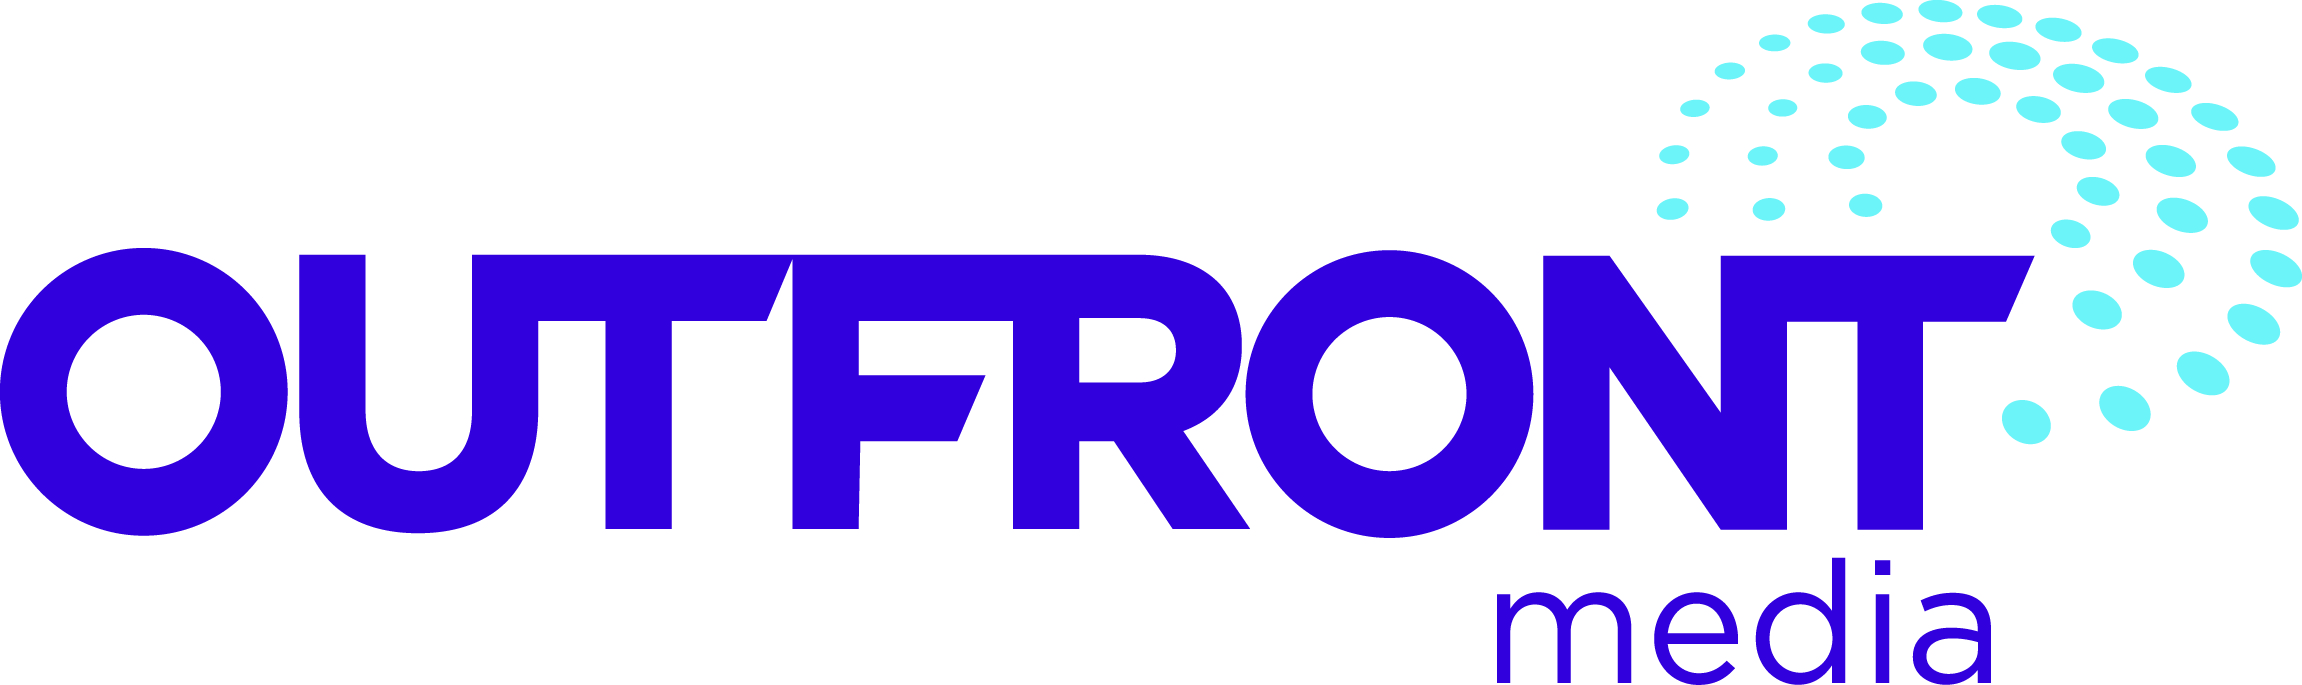 2015 RFR Sponsor - replaces CBS Outdoor logo
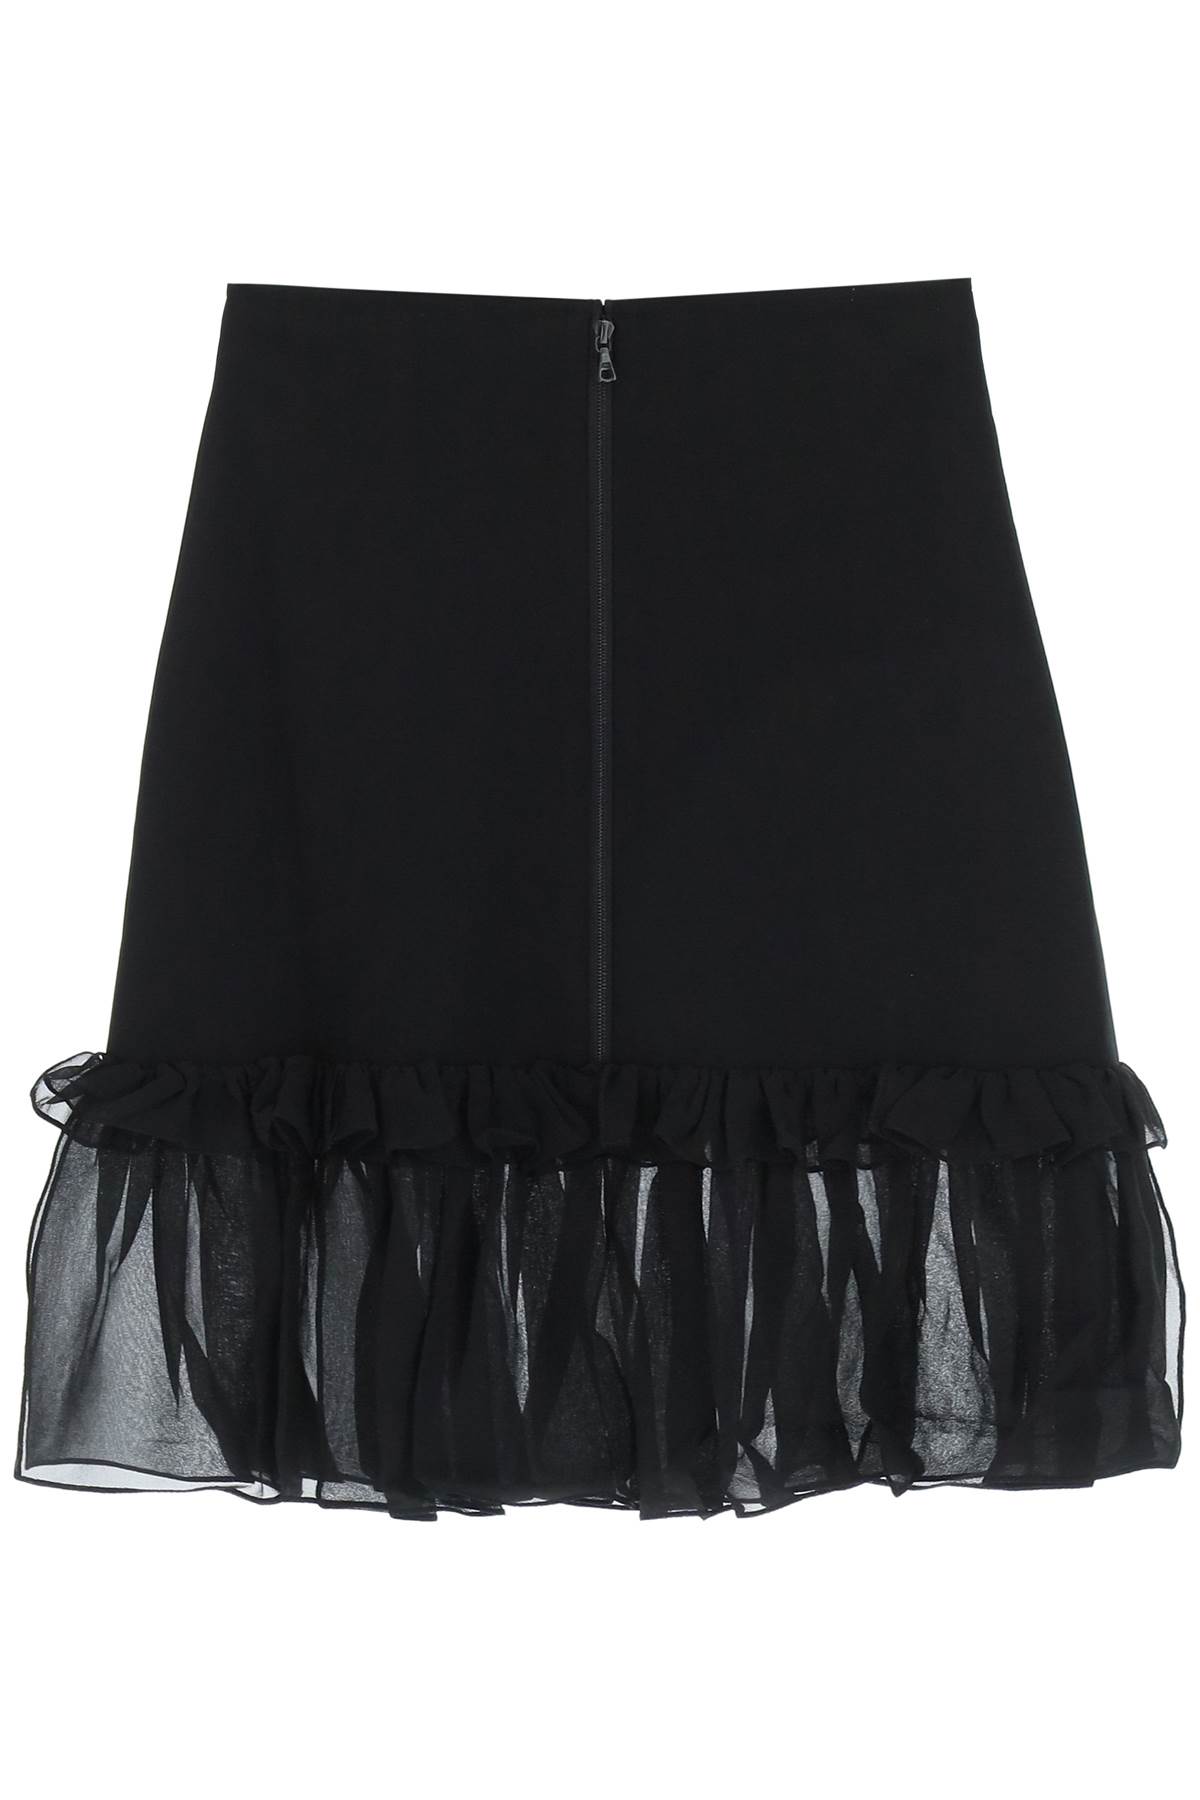 Nensi Dojaka Jersey And Chiffon Mini Skirt
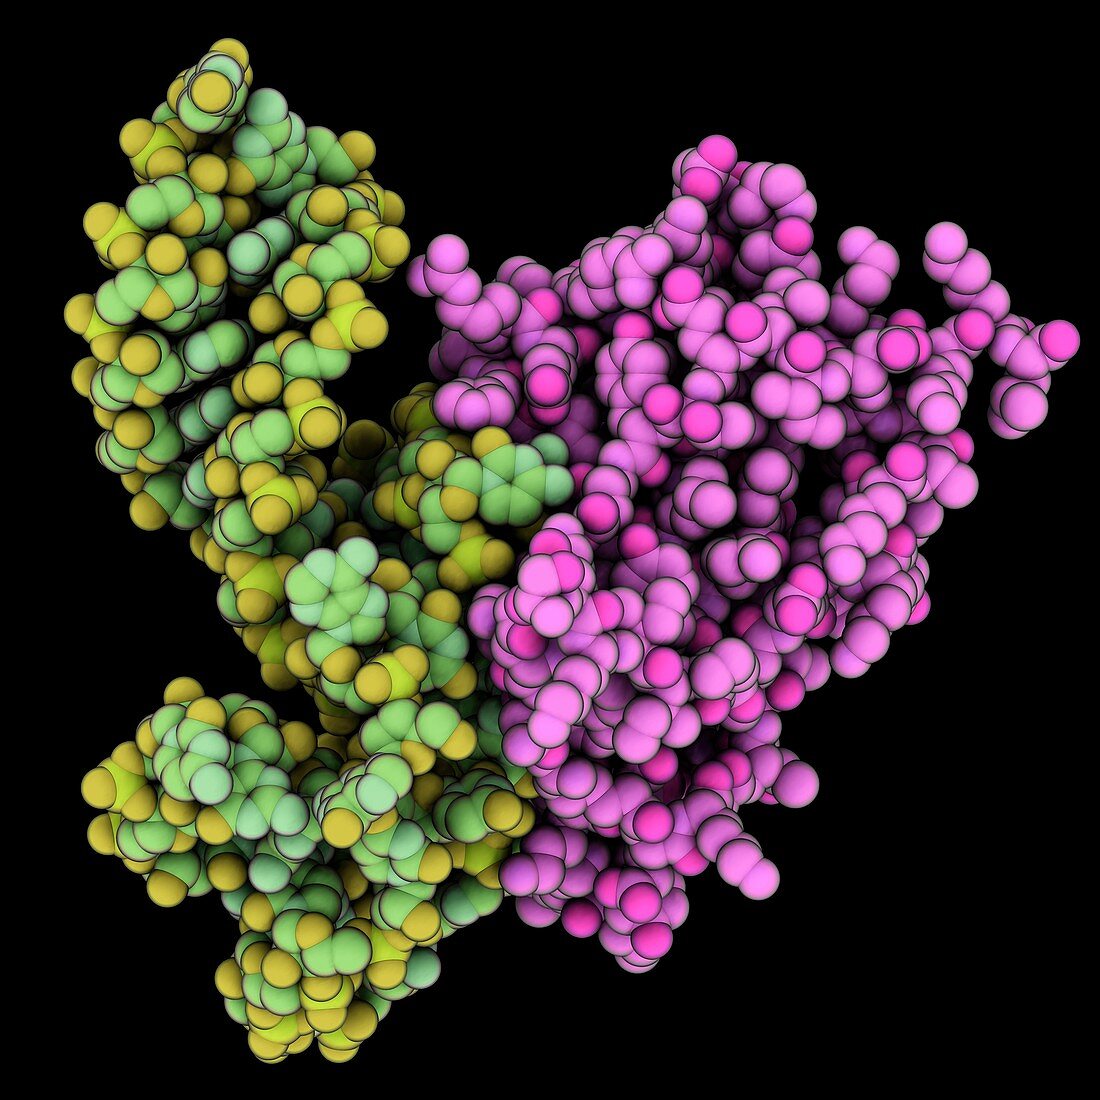 Transfer-messenger RNA complex
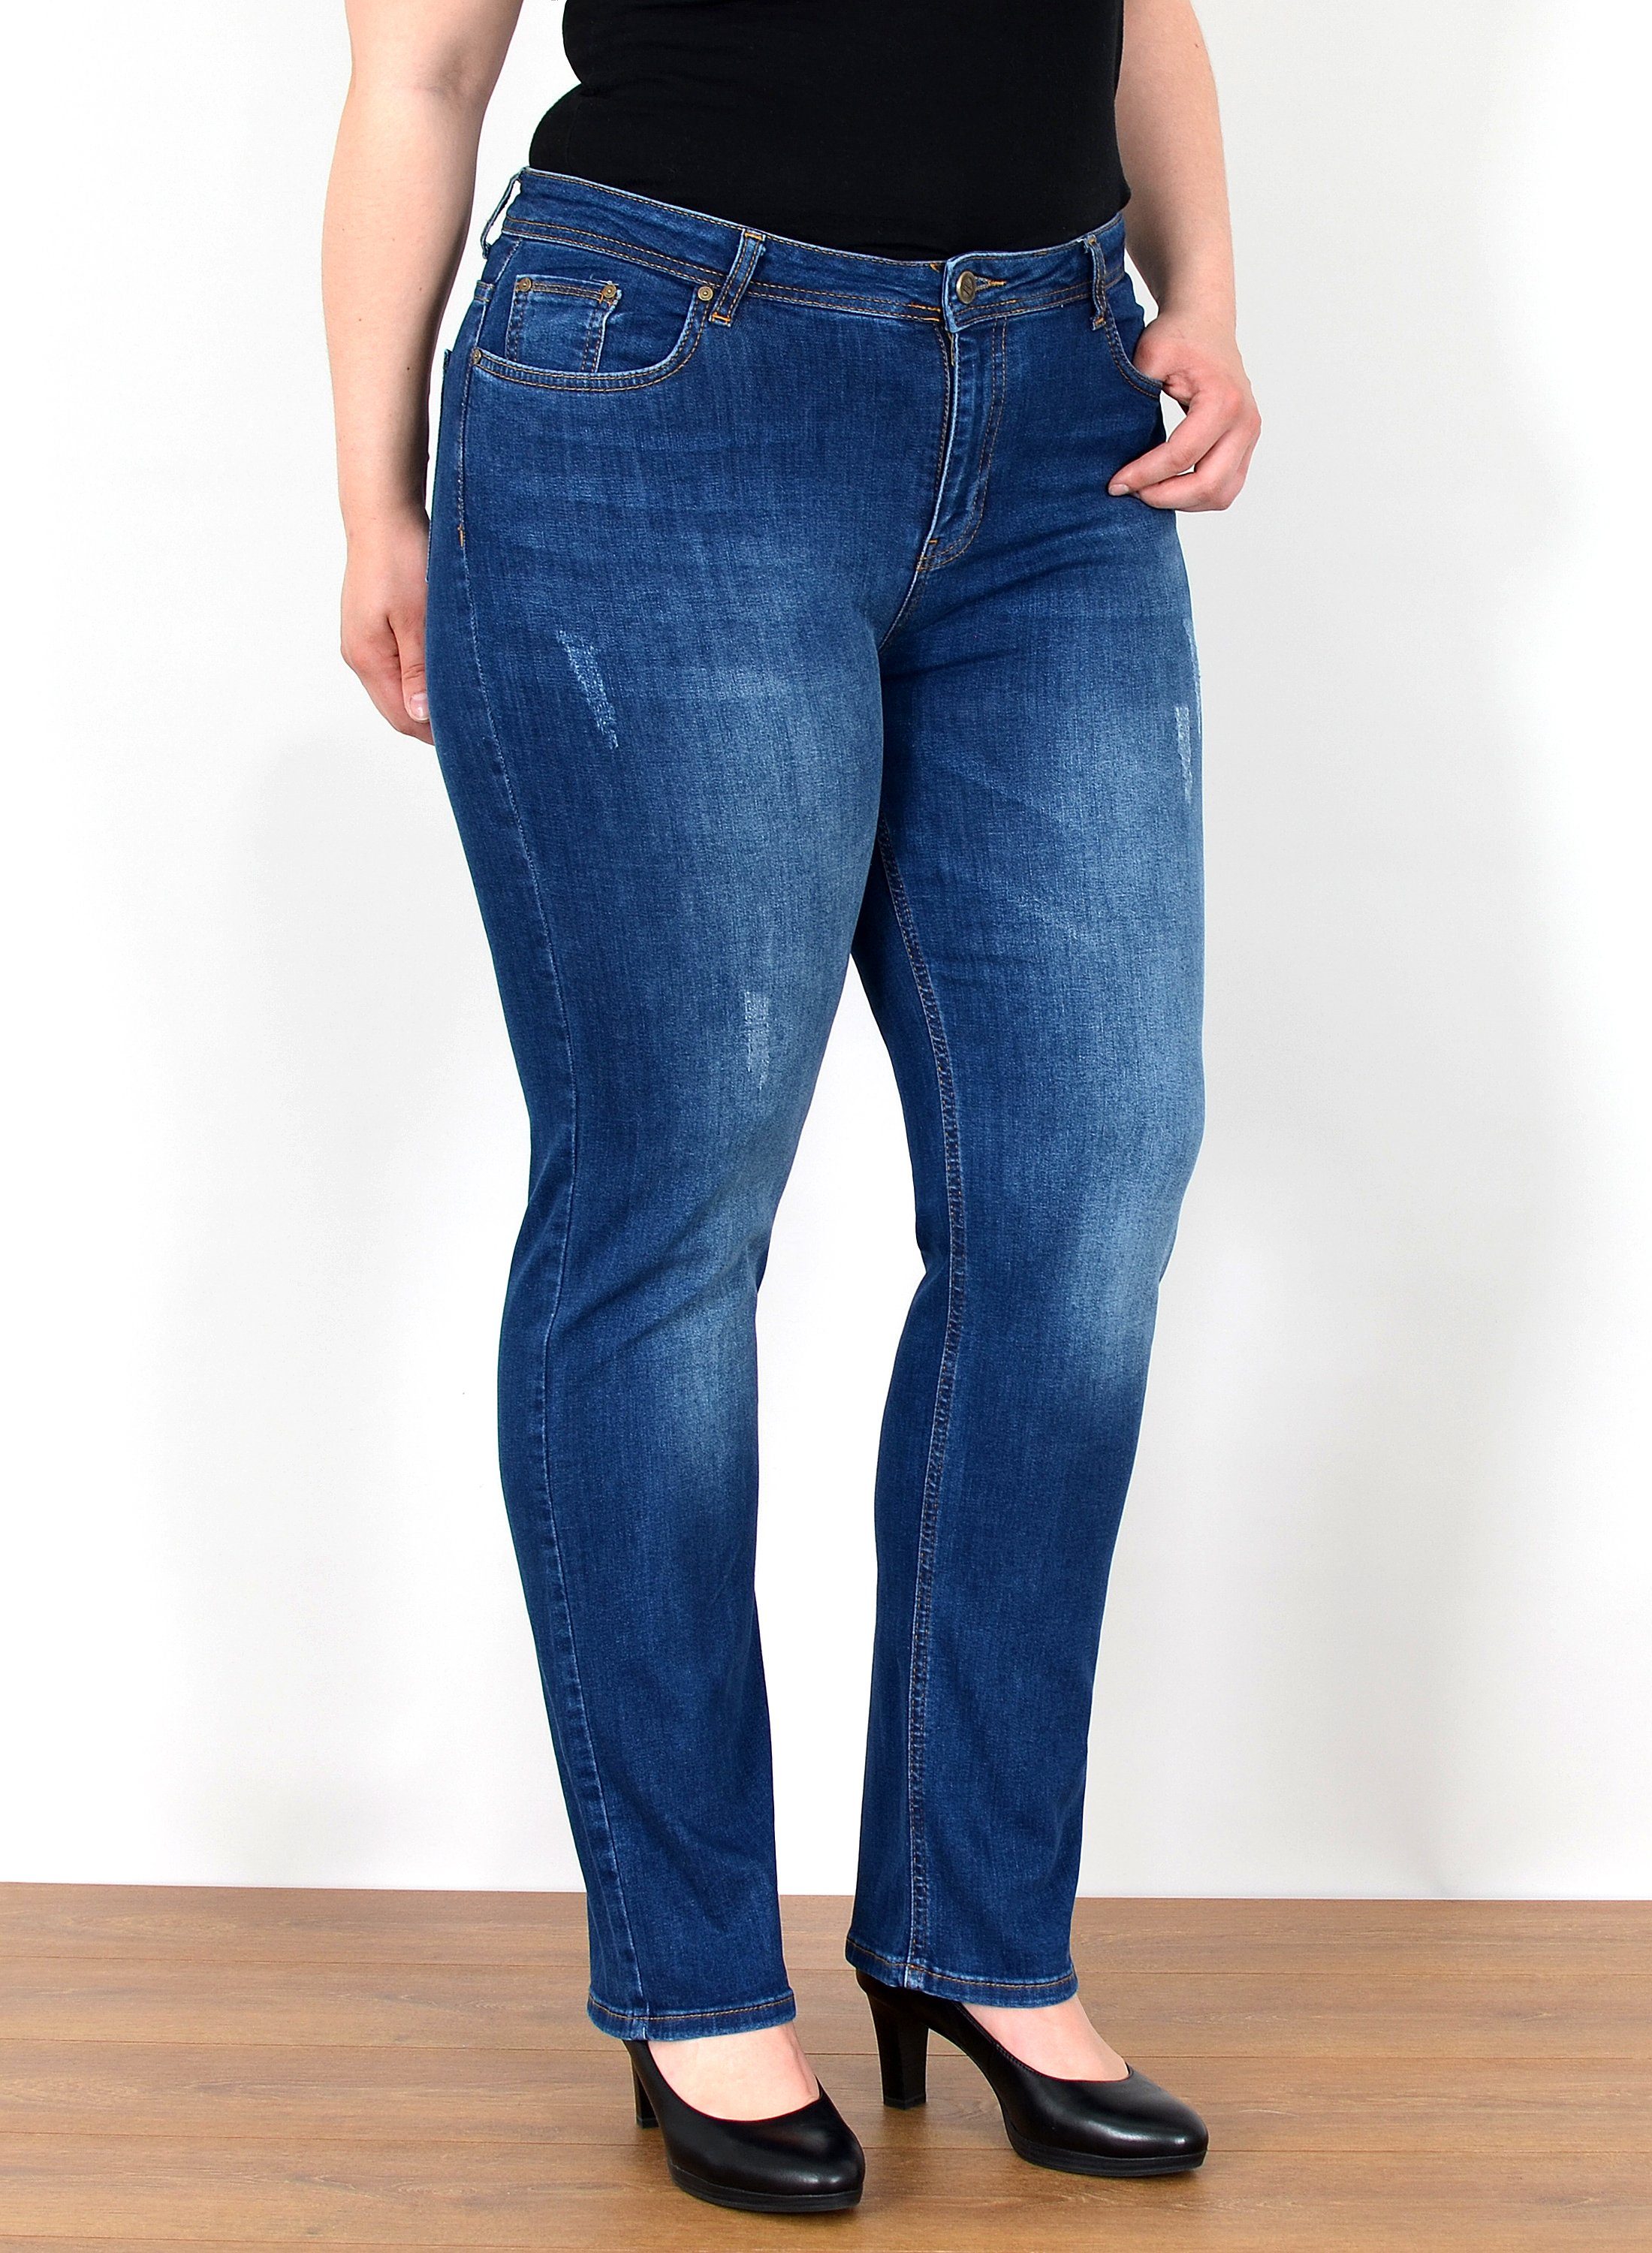 ESRA Straight-Jeans FG4 Straight Джинсы Damen High Waist Джинсы Stretch Übergröße Plus Size

• _HOW TO COMPLETE THIS TASK_: When repeating the listing, keep each line exact and exclude the pictures.

• _WRITTEN ANSWER_:
 2015 RFR Sponsor - replaces CBS Outdoor logo
 Nensi Dojaka Jersey And Chiffon Mini Skirt
 Transfer-messenger RNA complex
 ESRA Straight-Jeans FG4 Straight Джинсы Damen High Waist Джинсы Stretch Übergröße Plus Size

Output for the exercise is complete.